[tune] – Tune Configuration
The [tune] section controls the DQN training loop and experience replay. See Tune for a detailed explanation of the learning process.
Fields
[tune]
replay_capacity = 50000
batch_size = 64
learning_rate = 0.001
gamma = 0.99
lr_decay = 0.995
replay_period = 4
target_update_freq = 100
min_replay_size = 500
per_alpha = { value = 0.6, mode = "auto" }
per_epsilon = { value = 0.0001, mode = "fixed" }
[tune.epsilon]
start = 1.0
end = 0.05
decay_steps = 500
| Field | Type | Default | Description |
|---|---|---|---|
replay_capacity | usize | 50000 | Maximum transitions stored in the replay buffer |
batch_size | usize | 64 | Transitions sampled per training step |
learning_rate | f64 | 0.001 | Adam optimiser learning rate |
gamma | f64 | 0.99 | Discount factor for future rewards |
lr_decay | f64 | 0.995 | Learning rate decay multiplier applied each round |
replay_period | usize | 4 | Train every N transitions (not every round) |
target_update_freq | usize | 100 | Rounds between target network updates |
min_replay_size | usize | 500 | Minimum buffer size before training begins |
per_alpha | Param<f64> | auto(0.6) | PER prioritisation exponent (0 = uniform, 1 = full) |
per_epsilon | Param<f64> | fixed(1e-4) | Small constant added to TD error to prevent zero priority |
Replay buffer
The replay buffer stores (state, action, reward, next_state) transitions from every page fetched.

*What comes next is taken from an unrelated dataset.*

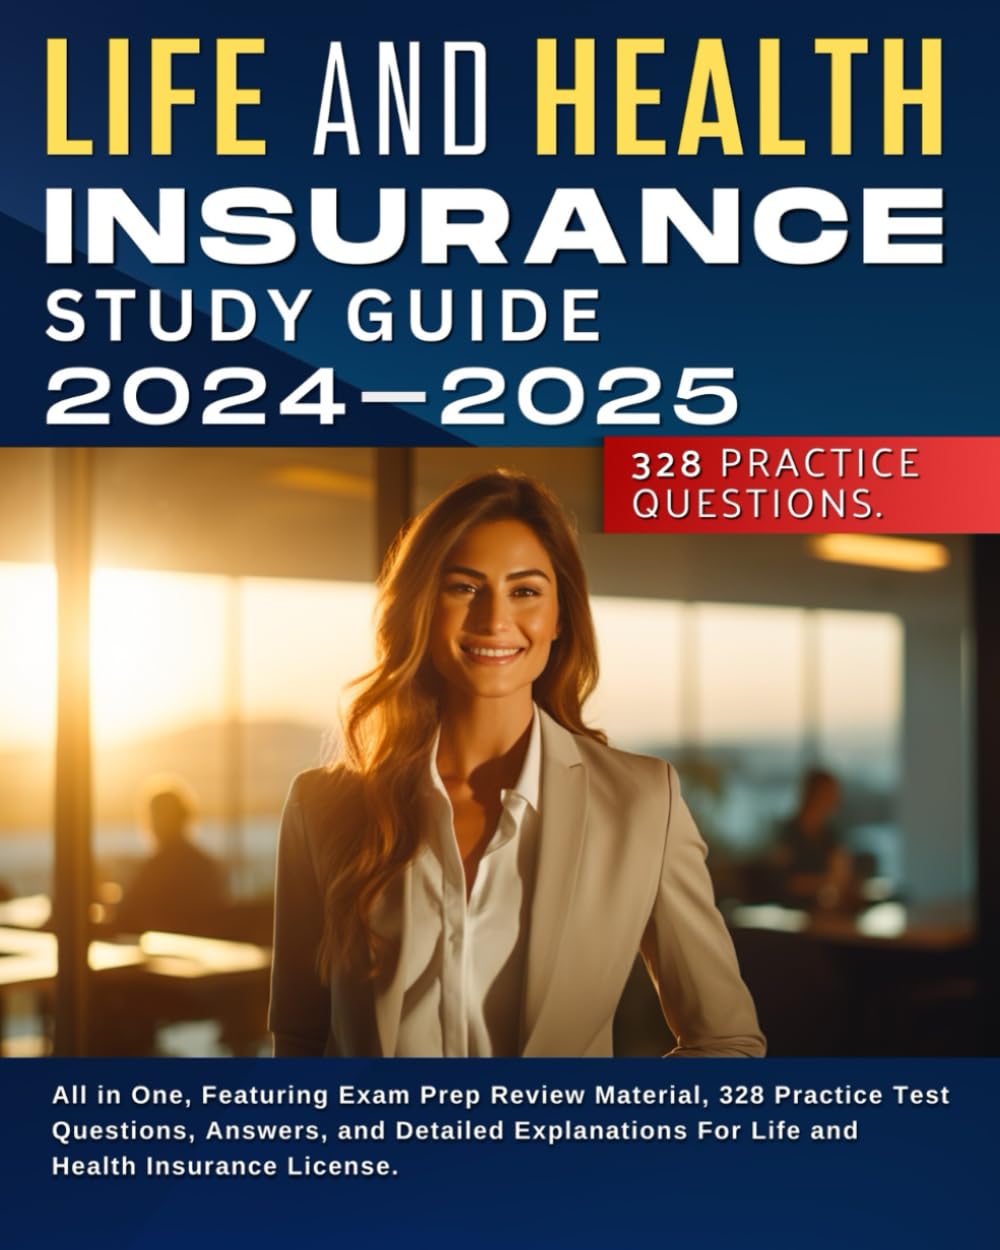 Life and Health Insurance Study Guide 2024-2025: All in One, Featuring Exam Prep Review Material, 328 Practice Test Questions, Answers, and Detailed Explanations For Life and Health Insurance License.

Once it reaches replay_capacity, old transitions are evicted. Training does not start until the buffer has at least min_replay_size entries, ensuring the agent has enough experience for meaningful gradient updates.
Learning rate
learning_rate is the initial rate for the Adam optimiser. lr_decay multiplies it after each round, producing exponential decay. This lets the agent make large updates early (when it knows little) and fine-tune later.
Discount factor
gamma controls how much the agent values future rewards versus immediate ones. At 0.99, a reward 100 steps in the future is worth about 37% of an immediate reward. Lower values make the agent more short-sighted.
[tune.epsilon]
The epsilon-greedy exploration schedule.
| Field | Type | Default | Description |
|---|---|---|---|
start | f64 | 1.0 | Initial exploration rate (100% random) |
end | f64 | 0.05 | Final exploration rate |
decay_steps | usize | 500 | Rounds over which epsilon decays |
Epsilon decays linearly from start to end over decay_steps rounds. At start = 1.0, every action in round 1 is random. By the time decay_steps rounds have passed, only 5% of actions are random.
PER parameters
per_alpha controls how aggressively the replay buffer favours high-error transitions. At 0.0, all transitions are sampled uniformly. At 1.0, sampling is fully proportional to TD error. The default of 0.6 is a common sweet spot. In auto mode, the crawler adjusts this based on training stability.
per_epsilon is a small constant added to every transition’s priority so that no transition ever has exactly zero probability of being sampled. This is fixed at 1e-4 and rarely needs changing.